If I see that the parents are touching the child too hard or inappropriately, I point this out to them and show them how they can improve their touch to better meet the child's needs, and also let them try it out in practice. Sometimes I encourage them to put their hand on mine and feel how I touch.

CL: When you talk to parents, how do you try not to be biased?

TL: Well, firstly, I know that I am naturally biased because of all my experiences and imprints. Secondly, knowing my bias, I adopt an attitude of openness and empathy. I don't really need a strategy there. Based on my conviction and understanding of life, I believe that everyone lives the best version of themselves in terms of all their lived experiences. I connect from the heart. In this way I meet

them with understanding and this is not exhausting but natural and I give them space, a kind of therapeutic uterus and appreciate their efforts and needs to do the best possible for their child.

This approach has deepened over the course of my life, actually the more I also identify, put into perspective, and come to terms with my own not always good experiences, as well as painful and challenging situations and contexts from my past that limited my life, and thus integrate them and my life gains depth, flexibility and colourfulness.

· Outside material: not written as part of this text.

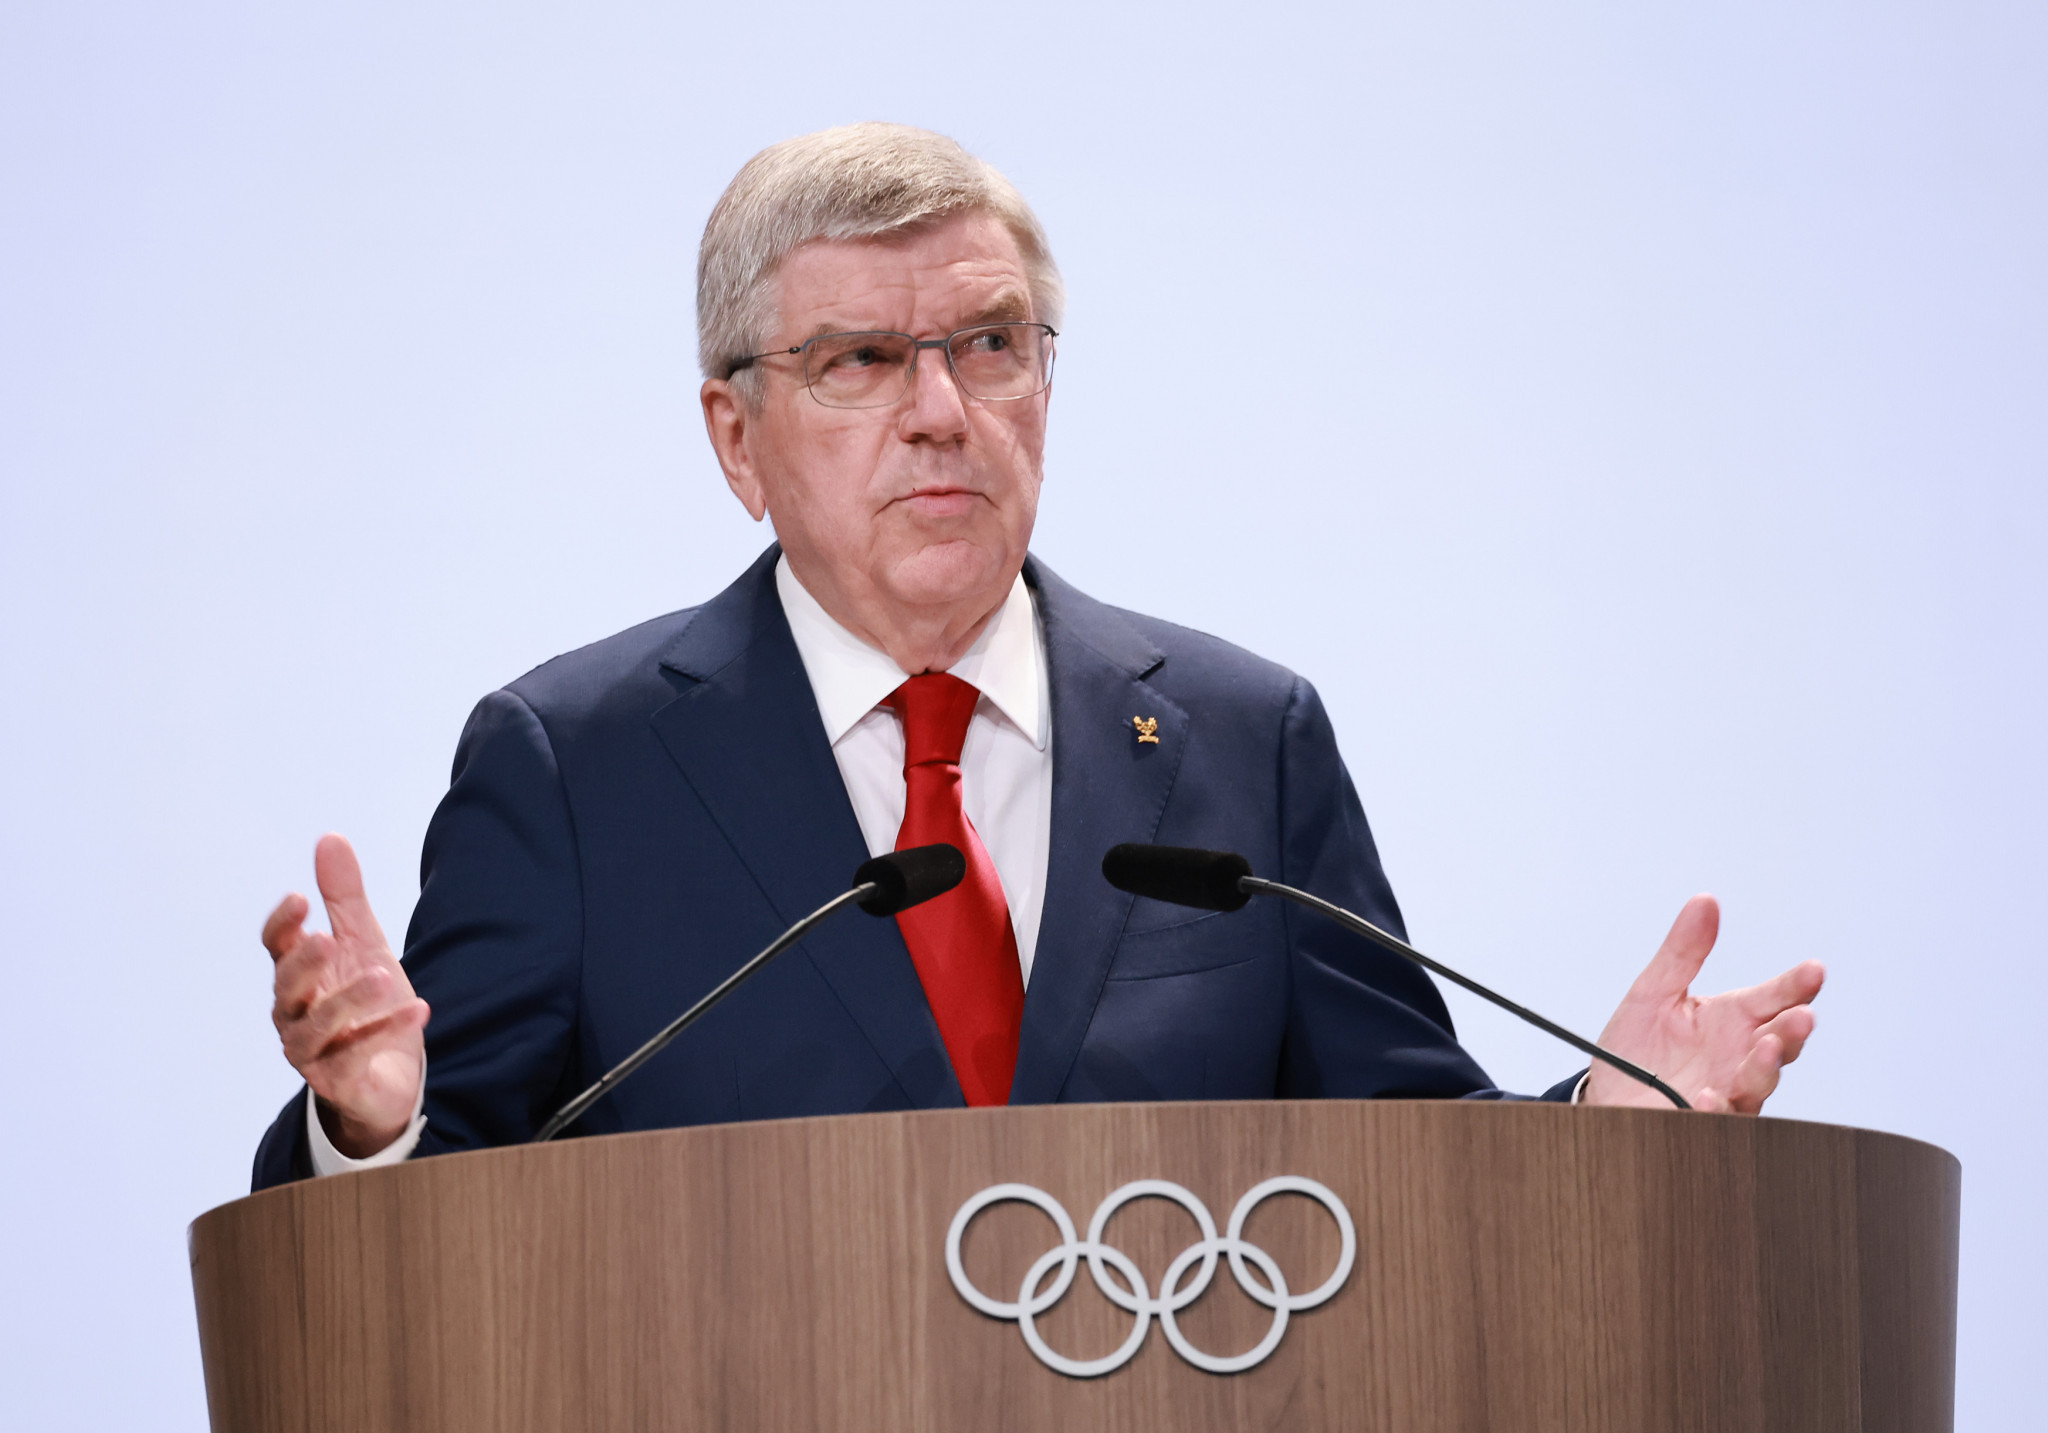 IOC President Thomas Bach. GETTY IMAGES

I learned first-hand that this process can be encouraged and supported, but not forced, but runs at its own pace.

I also have a certain didacticism in relation to osteopathic coaching of parents and patients. It is usually not that I give advice, but rather that I listen attentively, take an interest. Other times I make them curious about certain behaviours of the child or explain mechanisms of action that are important for understanding, so that out of this understanding, the parents or patients often make suggestions themselves about how they could do it better. And I answer their questions, affirm or encourage them to try it out.

Sometimes I also give them practical advice, for example on diet, and explain why it might be helpful to do it this way.

CL: What skills should an osteopath have to treat children?

TL: Here the answer could be very profound and complex. Ultimately, a differentiated answer to this question would be to discuss, for example, the curriculum of paediatric osteopathy at the Osteopathie Schule Deutschland, which I developed. 

An abbreviated answer could be exemplary: Many changes take place in childhood, for example the sensorimotor, musculoskeletal, metabolic, immunitary, gastroenterological, cognitive, limbic and psychological development of the child and associated time windows such as ossification times, reflex detachments. Accordingly, the diagnostic procedures are different in children than in adults. In addition, certain clinical pictures occur in childhood with specific epidemiological factors and risk factors that need to be known. Likewise, mechanisms of action, some of which differ in childhood from other age groups. The treatment of children also differs in part significantly from that of adults, for example in disorders of the oral function. The techniques used are also different for children. And last but not least, working in networks with children needs to be known and practised.